Install TreeTagger - presemt-ntnu/transglobal GitHub Wiki
This step can be skipped if you have downloaded a copy of the local data and do not want to build to your own local data
TreeTagger is required for part-of-speech tagging and lemmatization for several languages, currently English and German. Follow the instructions on how to install TreeTagger. Note that binaries and parameters files differ according to your platform (Mac OS X, Linux).
English
Install the English parameter file with Latin1 character encoding and Penn Treebank tag set).
German
There are two options:
-
Install the German parameter file with UTF-8 character encoding: This does not work out of the box and therefore requires some extra work. Follow the instructions on this page. The advantage is that the tagger can handle any input with UTF-8 characters and will therefore not mangle parts of the input.
-
Install the German parameter file with UTF-8 character encoding: This works out of the box and is therefore easy. The disadvantage is that the tagger cannot handle properly input with non-latin1 characters and may therefore mangle parts of the input.
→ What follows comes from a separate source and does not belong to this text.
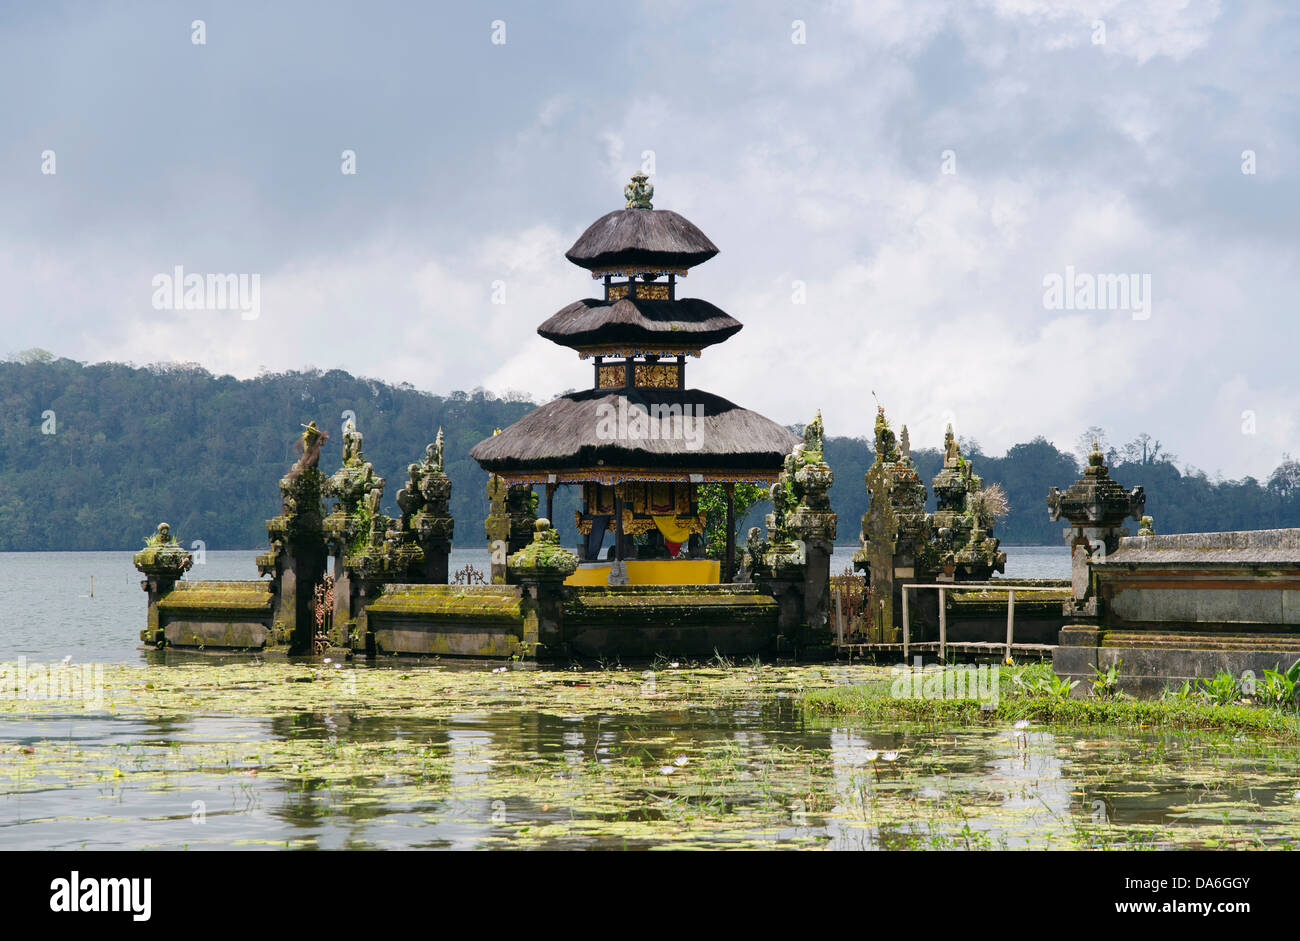 Pura Ulun Danu temple on Lake Bratan Stock Photo

For this option, you need to change the default setting in the configuration file located in
env/tg-default.cfg
from
[tagger] # tagger/lemmatizer
[de](/presemt-ntnu/transglobal/wiki/de)
command = tree-tagger-german-utf8
encoding = utf-8
# Use the following for non-utf8:
# command = tree-tagger-german
# encoding = latin1
to
[tagger] # tagger/lemmatizer
[de](/presemt-ntnu/transglobal/wiki/de)
#command = tree-tagger-german-utf8
#encoding = utf-8
# Use the following for non-utf8:
command = tree-tagger-german
encoding = latin1